Wie gelingt es Ihnen, jeden Tag neu zu bestehen und nicht den Mut zu verlieren?
Ich beschäftige mich mit den Dingen, die ich sehr gern mag. Ich lese viel. Ich höre oft Musik. Ich mag Hip-Hop, Country, Rock, Pop, indische und arabische Musik oder Flamenco. Ich mache auch gern Musik. Zuhause in Marokko hatte ich eine Hip-Hop Band, als Teenager war ich Rapper. Ich habe auch Freunde hier in Wien, aber sie können mich nicht besuchen und ich kann sie nicht besuchen. Wir können nur telefonieren.

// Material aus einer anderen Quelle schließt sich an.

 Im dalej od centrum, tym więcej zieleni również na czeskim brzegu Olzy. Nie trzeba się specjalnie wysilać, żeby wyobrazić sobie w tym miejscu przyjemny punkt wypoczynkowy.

Sie haben vor fünf Jahren alles riskiert, als Sie sich allein auf den Weg nach Österreich gemacht haben. Sie haben alles auf eine Karte gesetzt, um sich den Traum eines selbstbestimmten Lebens zu erfüllen. Es ist Ihnen gelungen, eine neue Sprache zu erlernen, eine Wohnung und einen Job zu finden, selbstständig zu leben. Doch die Corona Pandemie hat alles verändert.
Ich hoffe, dass diese Krise bald vorbei ist. Aber wir wissen noch nicht, wie es dann mit der Wirtschaft weitergeht. Wenn es mit der Wirtschaft schlechter wird, dann wird es auch viel schwerer sein, eine Arbeit zu finden. Für alle, aber ganz besonders für Menschen mit Behinderungen. Also, wenn ich nicht arbeite, was ist dann?

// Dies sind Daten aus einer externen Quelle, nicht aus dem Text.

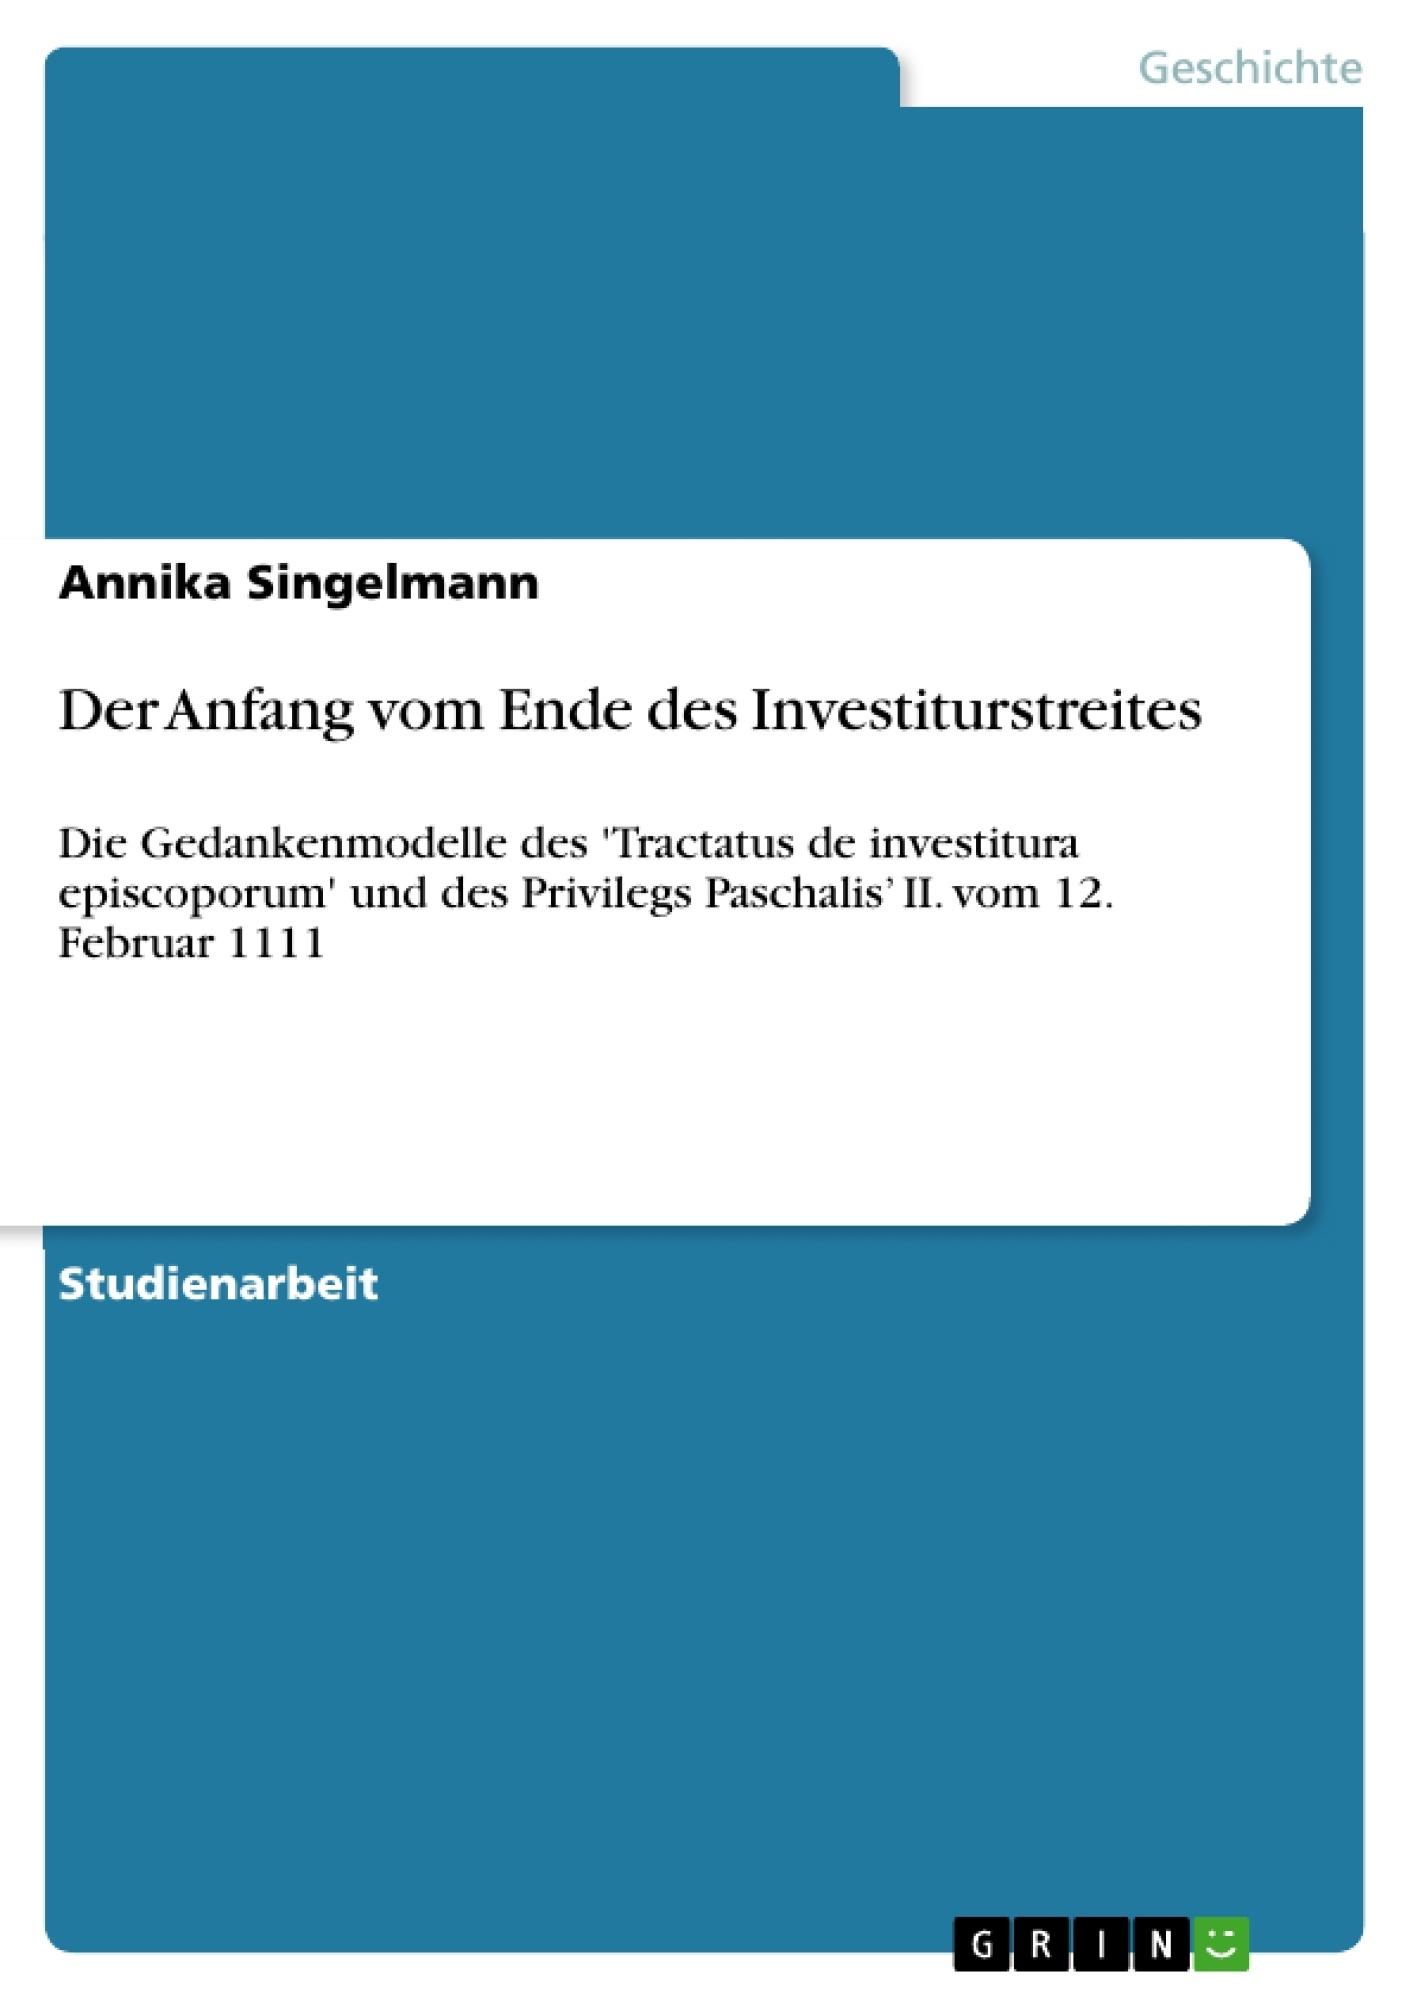 Titel: Der Anfang vom Ende des Investiturstreites

Und für die Zeit nach der Pandemie hoffe ich, dass wir noch viel besser verstehen, wie wichtig dieser zwischenmenschliche Kontakt für uns ist, und zwar für jeden von uns.
Ich hoffe, dass wir noch besser begreifen, dass wir alle Menschen sind, ohne Unterschied. Keiner ist besser als der andere. Und dass dieser zwischenmenschliche Kontakt noch besser wird. Und natürlich hoffe ich, dass ich wieder eine Arbeit finden werde und dass man das Leben wieder genießen kann.
Vielen Dank für diese Einblicke in Ihre momentane Lebenssituation.